- [WHAT YOU SHOULD DO] Print the listing as it stands, omitting all images.
### DATASET SECTION
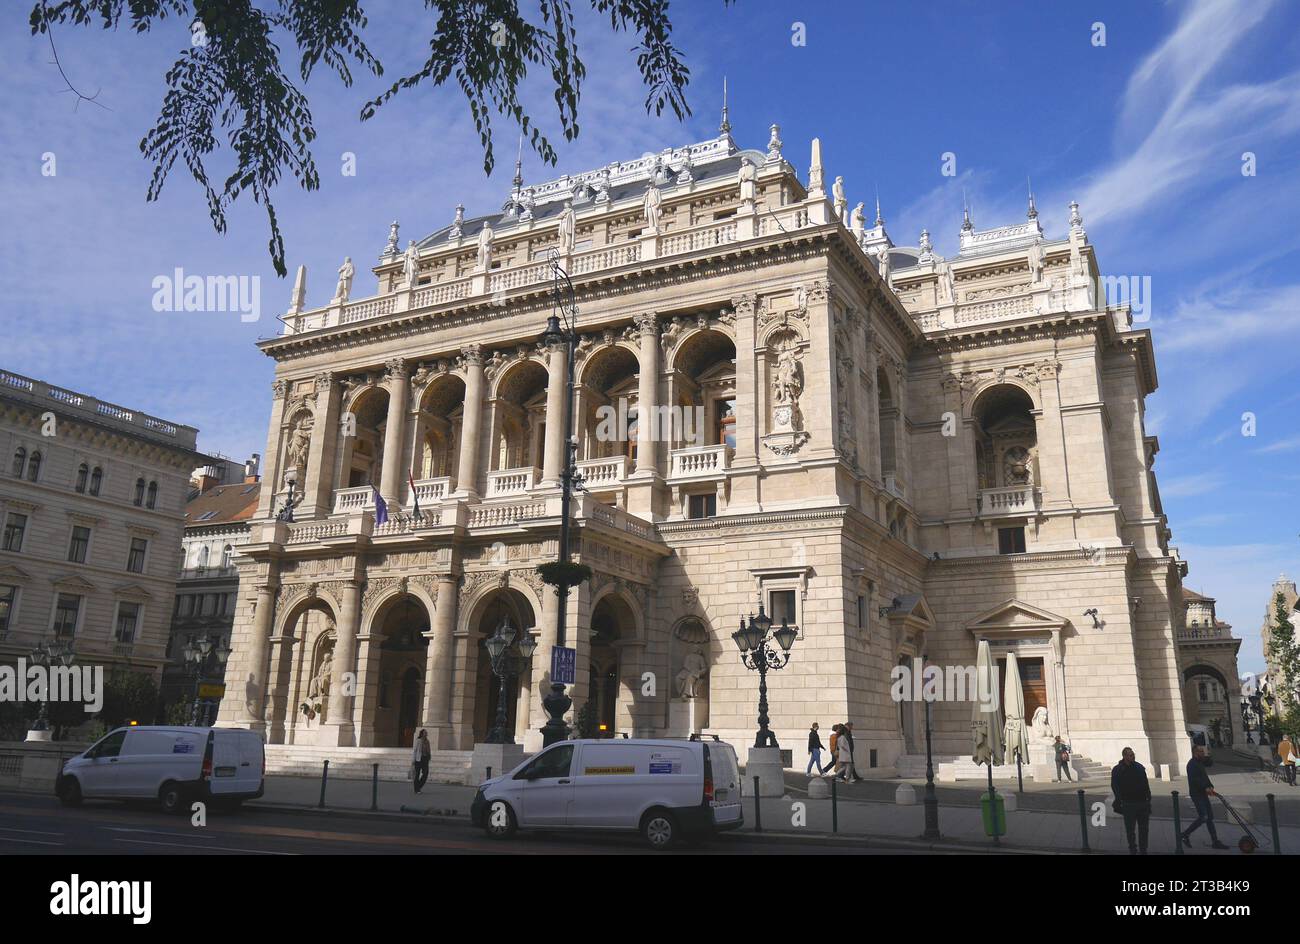 Die Ungarische Staatsoper, Andrassy ut, Andrassy Avenue, Budapest, Ungarn Stockfoto
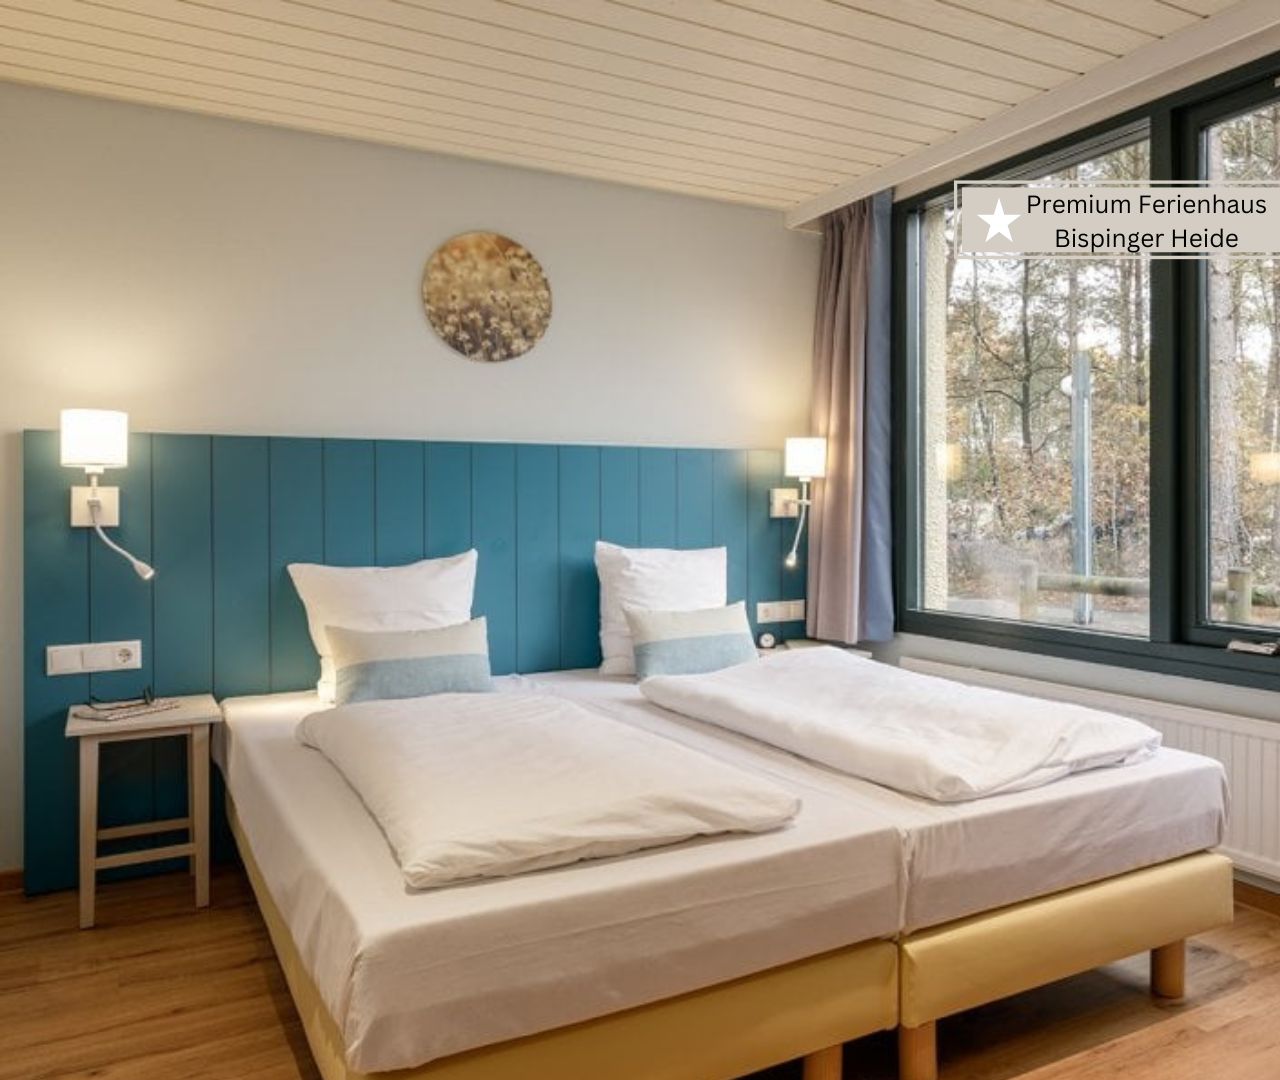 Center Parcs Bispinger Heide mit Kleinen Kindern Schlafzimmer im Premium Ferienhaus
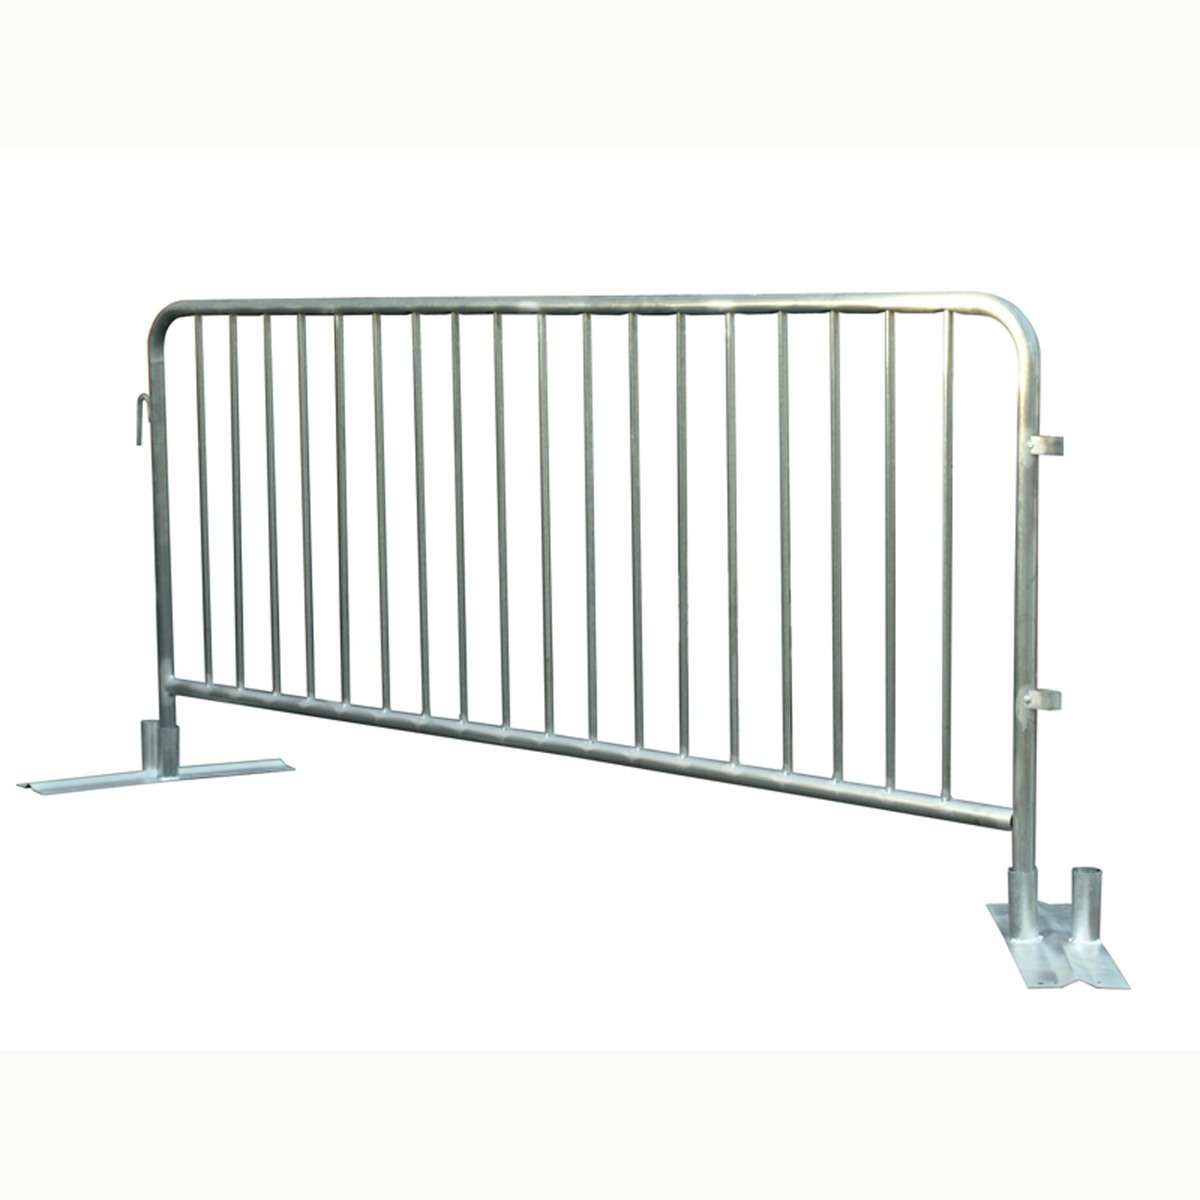 Taas nga kalidad nga Crowd Control Barrier ug Steel Material BS Standard Hot Galvanized Police Crowd Control Fence
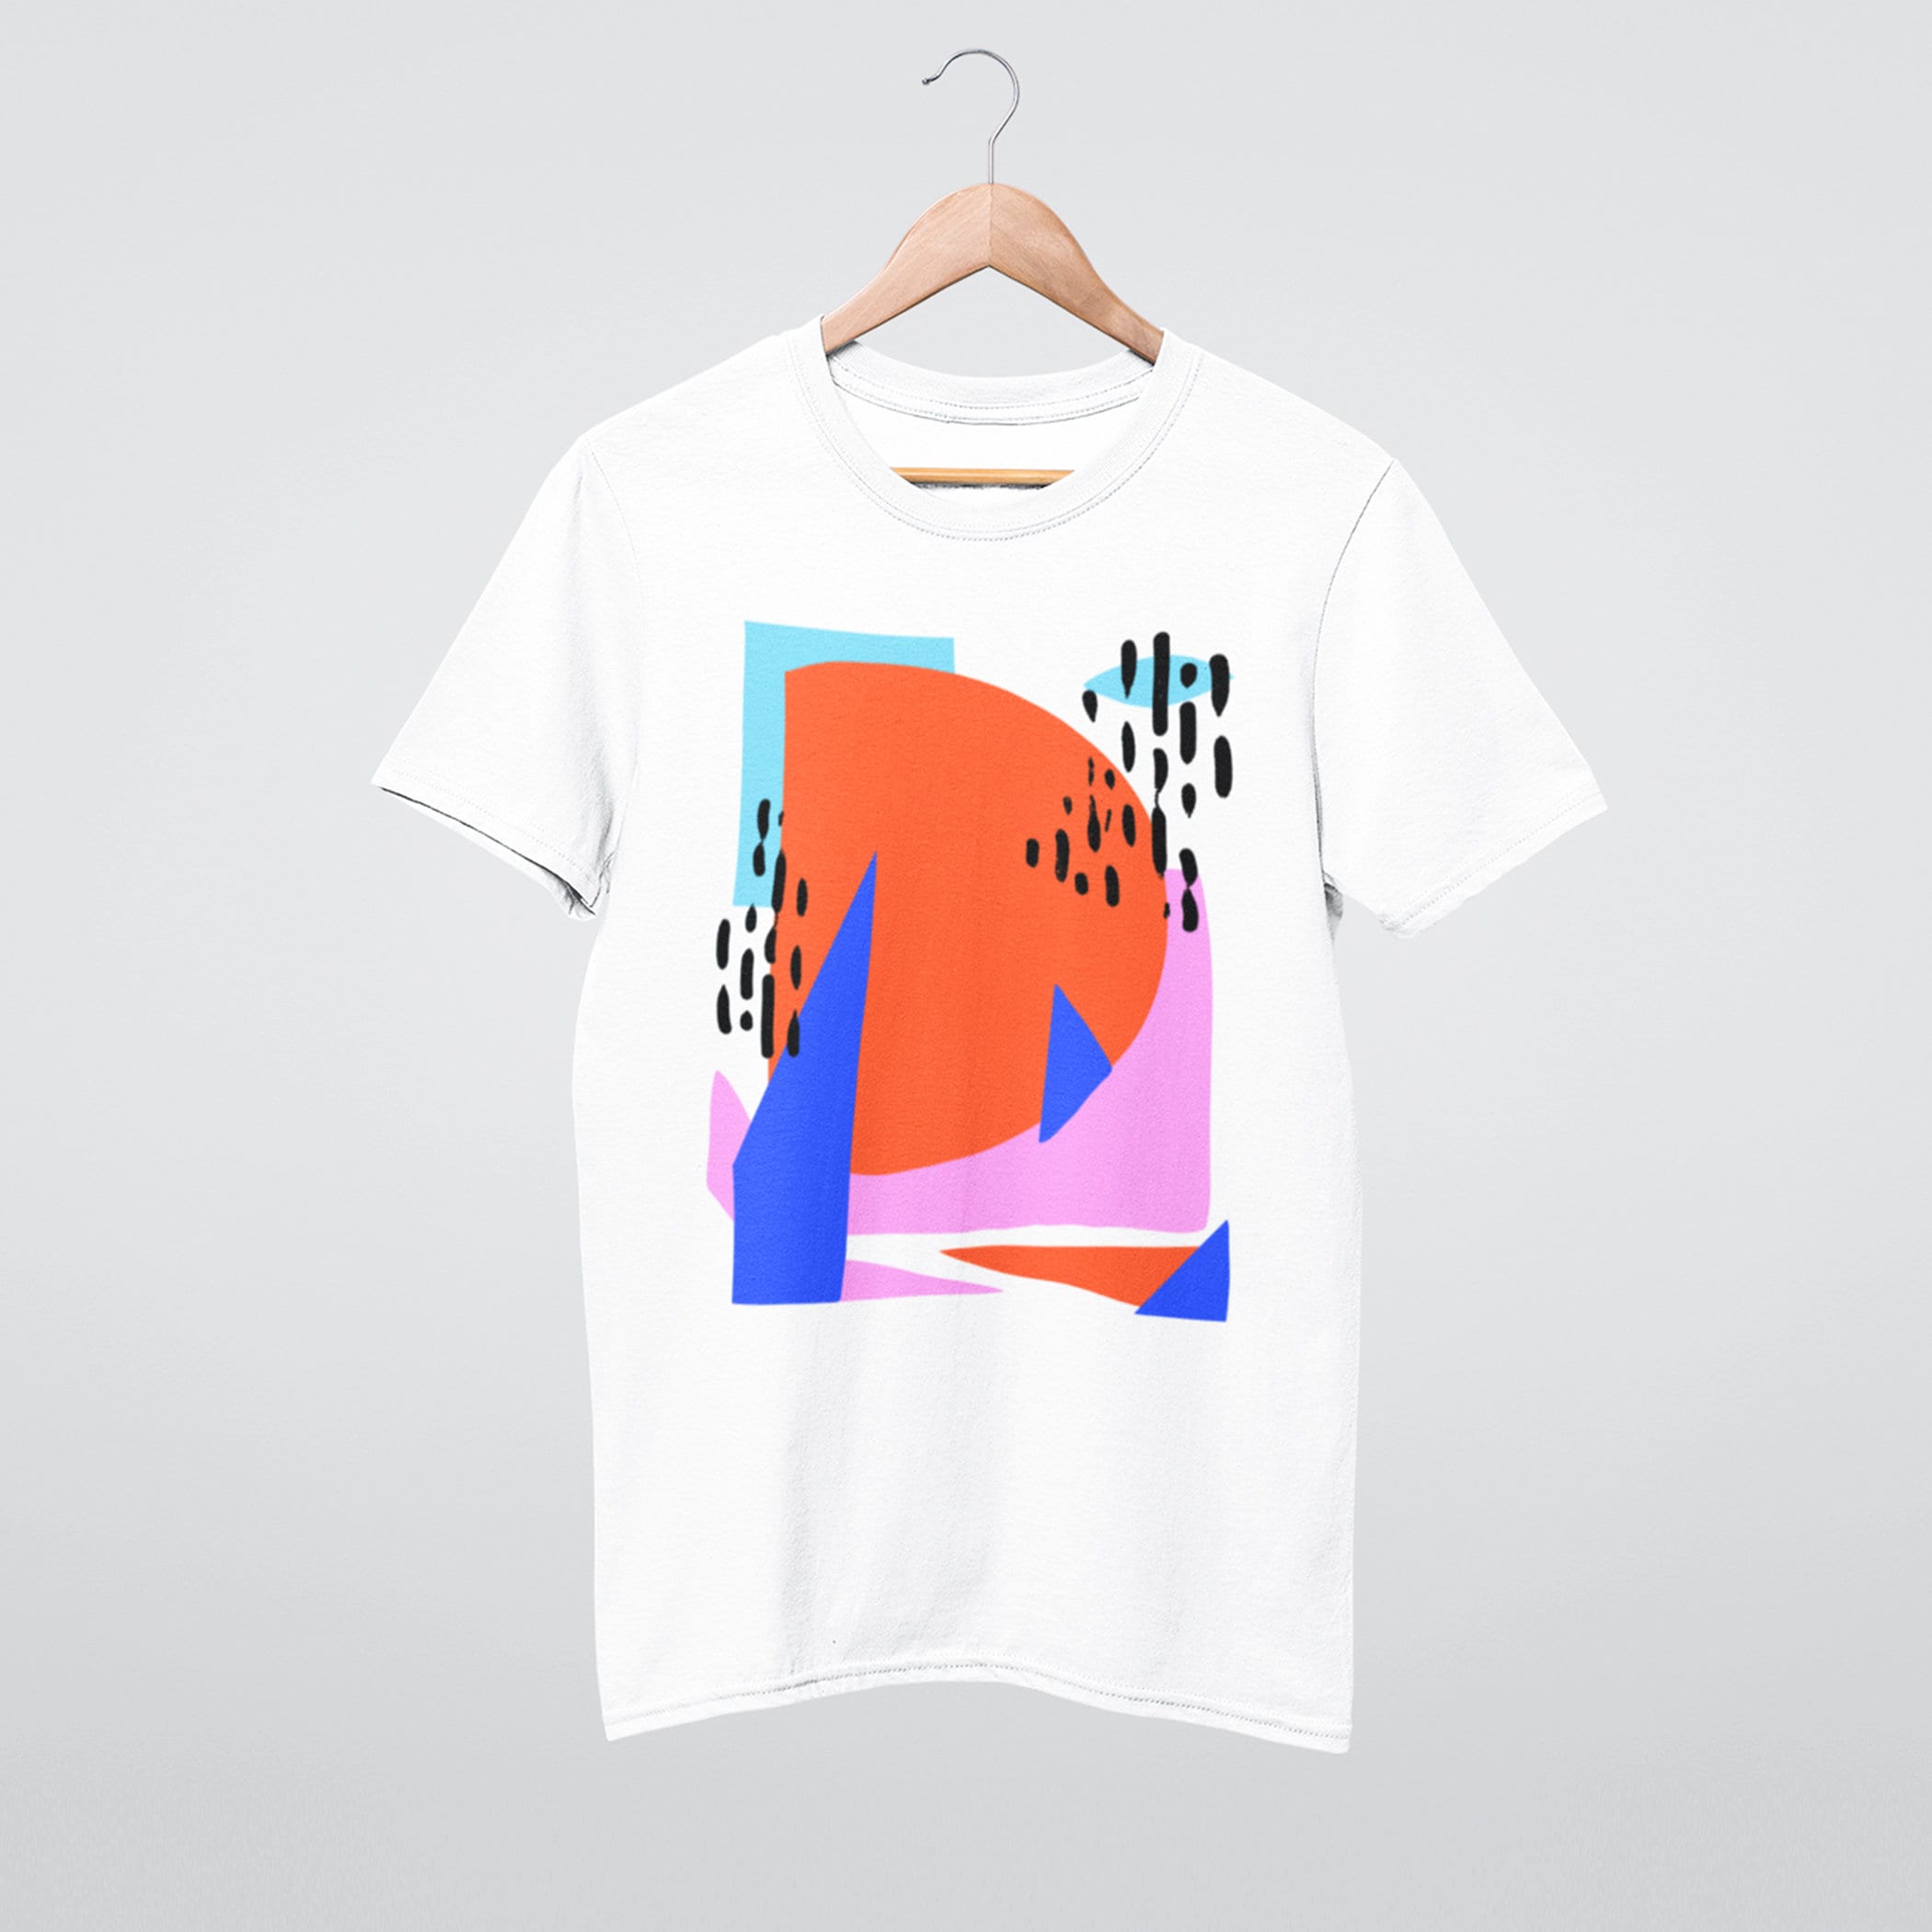 Summer Drawing Shirt, Tshirt, Geometric Tshirt, - Unisex Art Etsy Tshirt, Shirt Abstract Shirt, Colorful Tshirt, Cotton Tshirt, Tshirt, Graphic Art
######
- [RESULT]
 Die Ungarische Staatsoper, Andrassy ut, Andrassy Avenue, Budapest, Ungarn Stockfoto
 Center Parcs Bispinger Heide mit Kleinen Kindern Schlafzimmer im Premium Ferienhaus
 Taas nga kalidad nga Crowd Control Barrier ug Steel Material BS Standard Hot Galvanized Police Crowd Control Fence
 Summer Drawing Shirt, Tshirt, Geometric Tshirt, - Unisex Art Etsy Tshirt, Shirt Abstract Shirt, Colorful Tshirt, Cotton Tshirt, Tshirt, Graphic Art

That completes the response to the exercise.